Which guide are you referring to?


----------



## Quig7557 (Dec 31, 2008)

Quoted in the article


----------



## jiggin is livin (Jan 7, 2011)

Manolin said:


> Maybe a key is to simply enjoy a few, release what you can, and not shoot to just put up numbers. Maybe it’s my attention span and older age, but I started noticing that I tended to lose count certainty between 5-9 anyway. So I tend to leave after 3 or so now. And my wife likes that I’m home a bit earlier than usual. But I know that everyone that’s invested big money in boats feels the need to justify it.


We release a lot of fish, do our best to handle them accordingly and usually only keep a couple good eaters. I just plain love to fish them, but there are better fish for eating. 

I don't get the people that complain about the fishing either, there is great fishing, but the narrative is it sucks so most people don't try because that's what they have heard. We have bad days, but then there are days that are lights out and more that are decent. Seems pretty good to me, but I am not one to get upset if I don't stroke them every time I go either. One or two don't hurt though. Lol


----------



## TK81 (Mar 28, 2009)

METTLEFISH said:


> May I add - back in the high numbers days - double digit fish were not as common as they are (IMO) now! I’ll take fewer - larger specimens any day of the week!





jiggin is livin said:


> I just plain love to fish them, but there are better fish for eating.


You guys echo my sentiments. There was a time when I used to really chase the steel. Been about two decades though. Now I go three or four times a year and am strictly a wading / bankbilly type. If I want to eat fish, it is rarely steel on the menu. One or two fish a year max. I like fishing these missiles on my flyrod with a 6lb leader. I will gladly take a two 10lb fish day over four or five 3 to 6 lb fish. That said, if I do keep one, its probably going to be the 3 or 4 lb'er. Last couple years, FBD has put me on some Cohos and Browns. No reason to keep a steelhead.

I like steel head fishing better than deer hunting, because of catch and release. I'll take a fresh salmon or a Brown over a steelhead every day of the week for the table.


----------



## B.Jarvinen (Jul 12, 2014)

I think this question is getting a little overblown. The limit drops from 3 to 1 for 6 weeks on about 6 rivers. This doesn’t mean the future is that fishing will be banned subject to the death penalty. Steelhead @ gravel time are going to be at their lowest point in quality of edibility and probably also their weakest fight on the other end of a line. Check out the Steelhead regs in Wisconsin. Slot limits, 1 possession, and closed seasons. Somehow, they still have bait shops and guides and Steelhead tourism. What they don’t have is very many perfect size & shape rivers to perfectly support the rather exclusive hobby.

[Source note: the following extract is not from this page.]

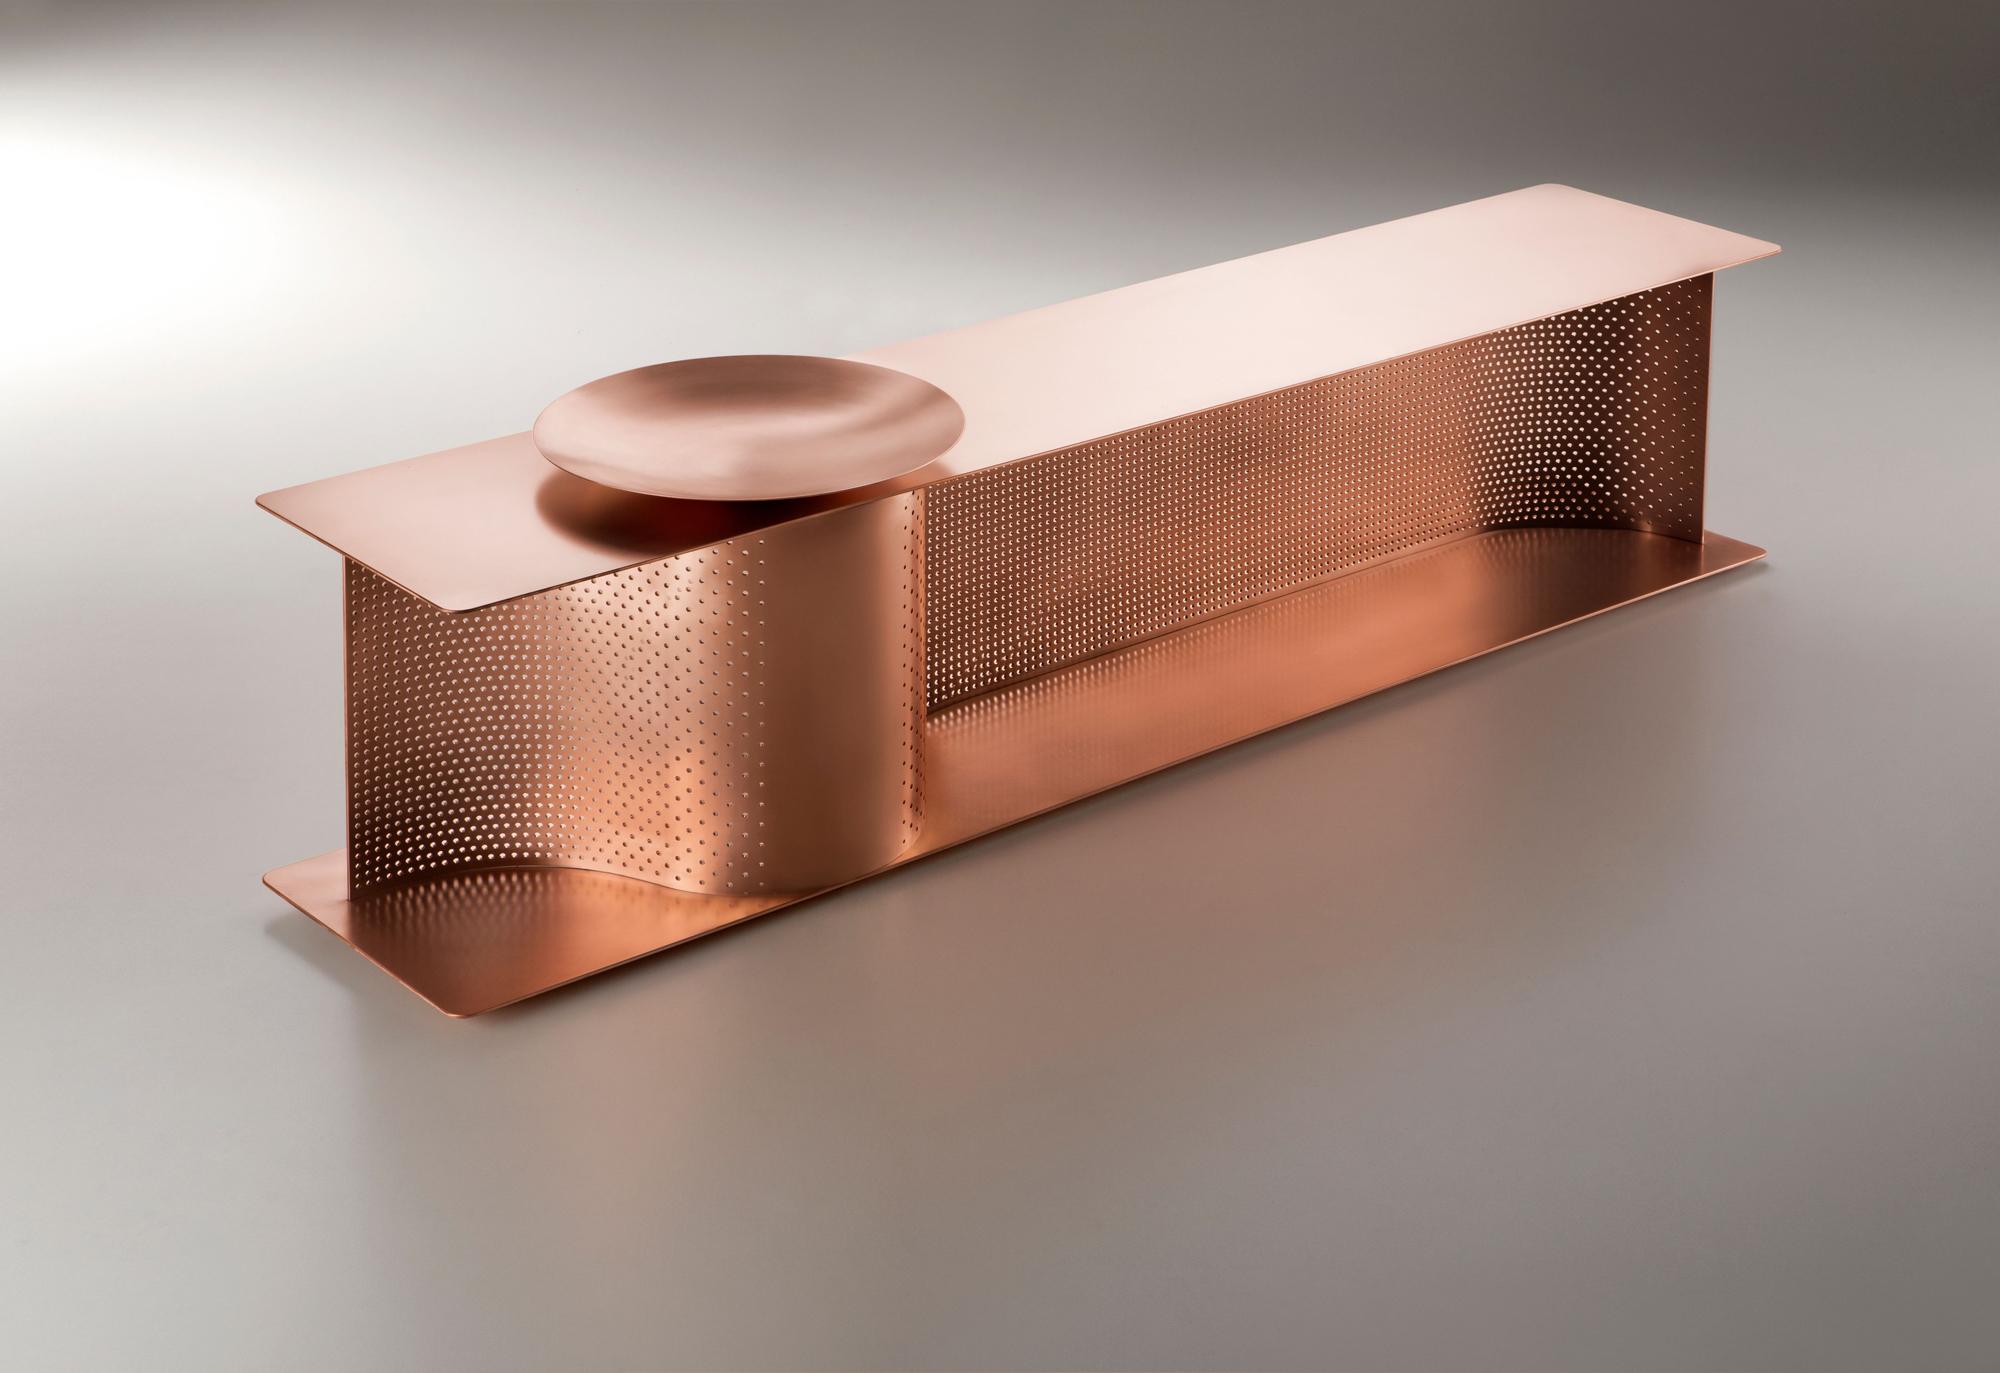 Wave Bench designed by Lanzavecchia+Wai for DeCastelli entirely made up of copper with 4mm thickness. The presence of an empty-pockets bowl creates a decorative perforated pattern. The finishing of this model is not lacquered by a protective

If you seriously want to fill a freezer with Steelhead fillets, get out there before March 15 &/or figure out the other rivers to fish that host Steelhead runs &/or step up and drive up to the runs coming in off Lake Superior, which this new regulation largely misses anyway on the dates and the fish taste way better, year-round. You might have a little less room to swing the big fly rod on a bit smaller water but there will be plenty of fish to catch and without the hordes of guides + tourists. You will however have to read a map and the stocking reports all by yourself.


----------



## METTLEFISH (Jan 31, 2009)

jiggin is livin said:


> We release a lot of fish, do our best to handle them accordingly and usually only keep a couple good eaters. I just plain love to fish them, but there are better fish for eating.
> 
> I don't get the people that complain about the fishing either, there is great fishing, but the narrative is it sucks so most people don't try because that's what they have heard. We have bad days, but then there are days that are lights out and more that are decent. Seems pretty good to me, but I am not one to get upset if I don't stroke them every time I go either. One or two don't hurt though. Lol


I think my main issue is the limit, like I said - some only fish one or two days a year. (Not necessarily me) and look forward all year to Spring and breaking cabin fever and making it to the river/cabin/campground that they’ve been going to for decades in some cases. Those are the people that spend the money in the local shops/bars/Etc. that the fishery has equated into its economic factor.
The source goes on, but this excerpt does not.